Now in its fifth year, Hit The Deck has transformed from a glorified Blue Banana advert into a genuine event that holds its own within a tide of UK festivals. Skindred top the bill in 2015 – Arse Full Of Chips couldn’t make it, sorry – and eleven hours of loud music looms before us.
We begin our delectable day of debauch with IDIOM [6]. A band that’s been on the cusp of something spectacular for a while, the Southern foursome inhabit the Rock City main stage with their usual charm; Grant Knight perversely tickles his bass like a forlorn lover, while Matt Sharland’s voice hops from the acidic screams of a man gargling piss-stained razorblades to, well, clean vocals sounding akin to Butters’ Dad from South Park. Still, Braindead is a massive modern metal tune, and this band has plenty left in the proverbial think tank – they just haven’t had their ‘moment’ yet.
Stumbling into Stealth, the supreme power of ZOAX [8] batters our eardrums and rattles our ribcages as if they are abacuses. The bass is uncomfortably loud, so once that’s dealt with, we’re left with the band’s angular ‘letlive. for people who don’t like letlive.’ musings. And it’s bloody brilliant. Unpredictable, unabashed and uncontrollably anthemic, Adam Carroll commands the cacophony with a flurry of heart-wrenching croons and screams, spurting quips about The Human Centipede and other random anecdotes; from the floor, the stage or balancing on the barrier, Carroll is an effortlessly cool frontman, and one who will hopefully take ZOAX from the dingy confines of Stealth and stick them on the main stage next year.
**Zoax’s Adam Carroll **Photos: Tracey Welch
TIM VANTOL [8] serenades the Rescue Rooms with a smattering of folk punk somewhere between Andrew Jackson Jihad and Frank Turner, forcing the gaggle of bearded, drainpiped audience members to chant the chorus of If We Go Down, We Will Go Down Together!
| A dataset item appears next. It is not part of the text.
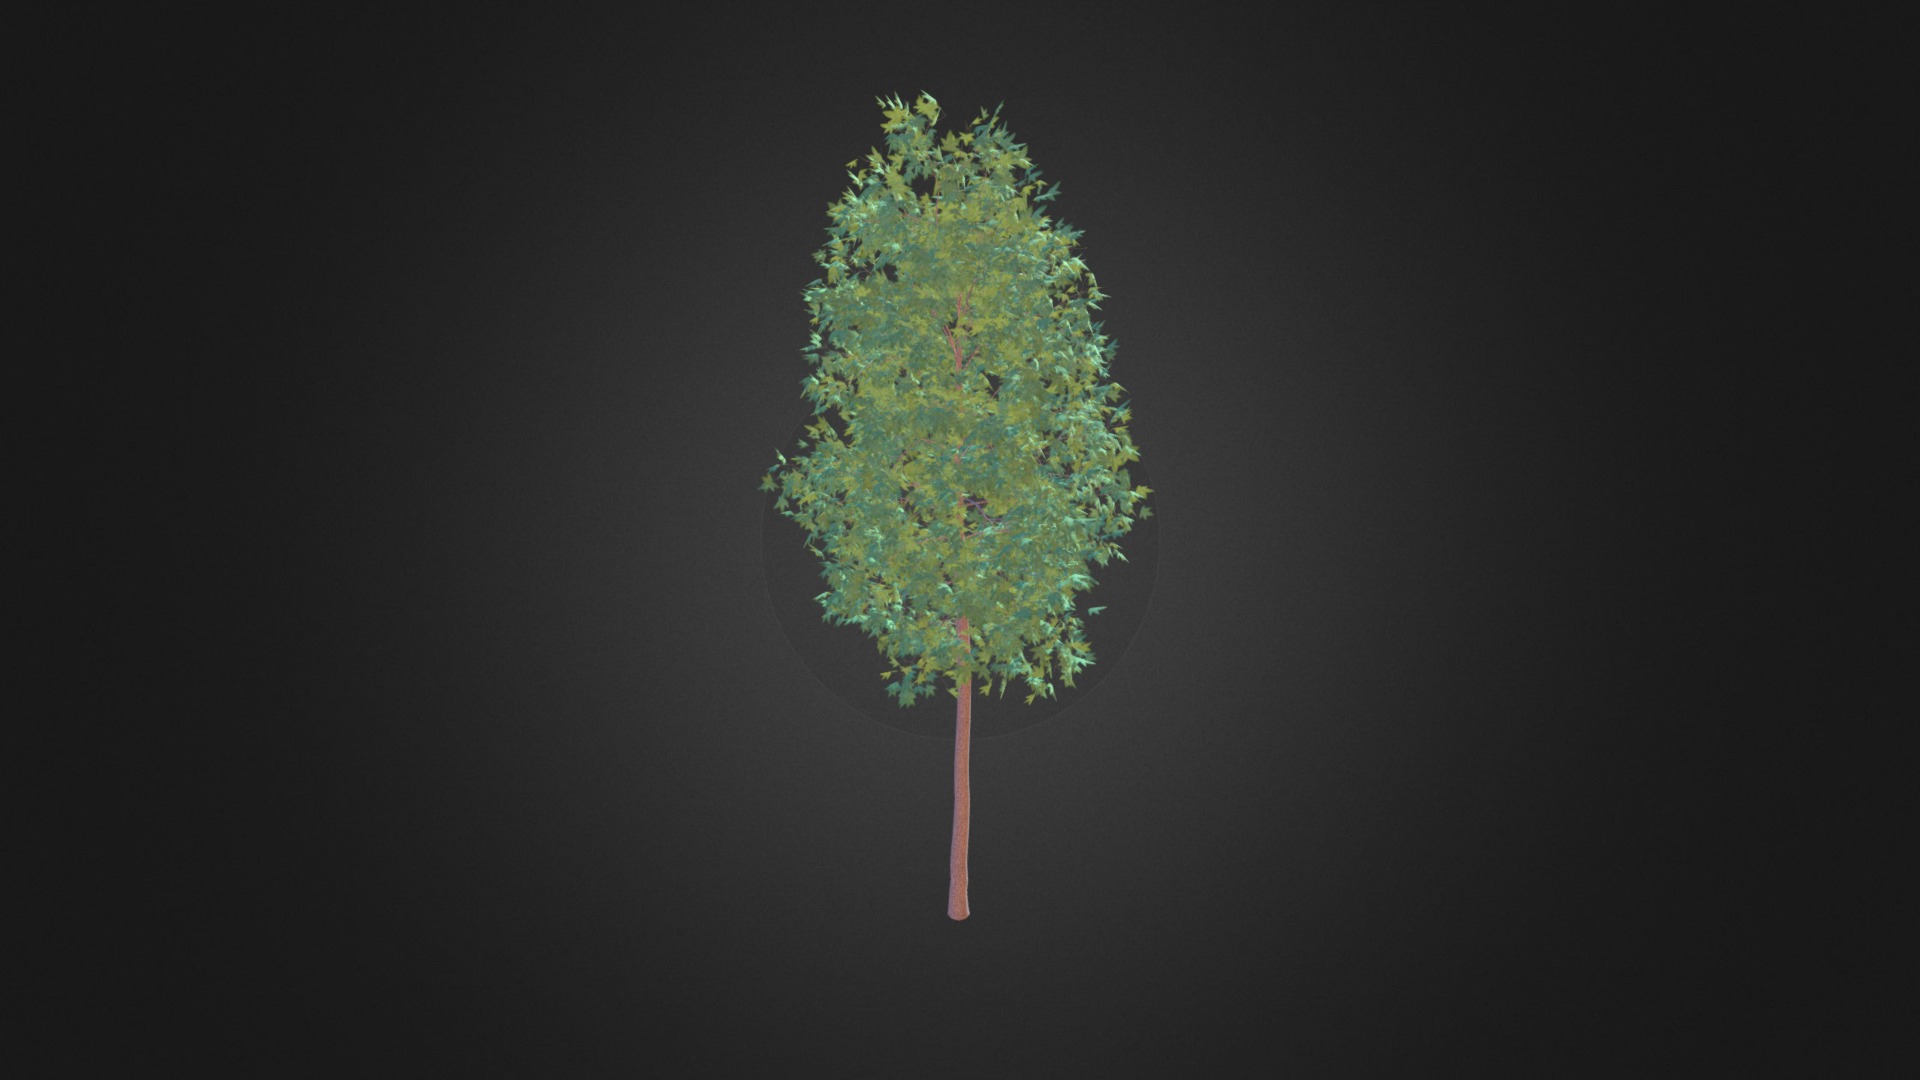 3D model American Sweetgum 3D Model 2.3m - This is a 3D model of the American Sweetgum 3D Model 2.3m. The 3D model is about a green and red tree.

Which is quite sweet. Back in Rock City, ALLUSONDRUGS [6] all do appear to be on something; one of them falls flat on his arse as soon as he steps on stage and frontman Jason Moules seems to have arrived here by accident, inanely mumbling and coaxing the crowd to shout ‘HERPES!’ for no real reason. That being said, the grungy psychedelia of tracks like Nervous will never tire, but it feels like the overall delivery is somewhat lost on the Hit The Deck crowd.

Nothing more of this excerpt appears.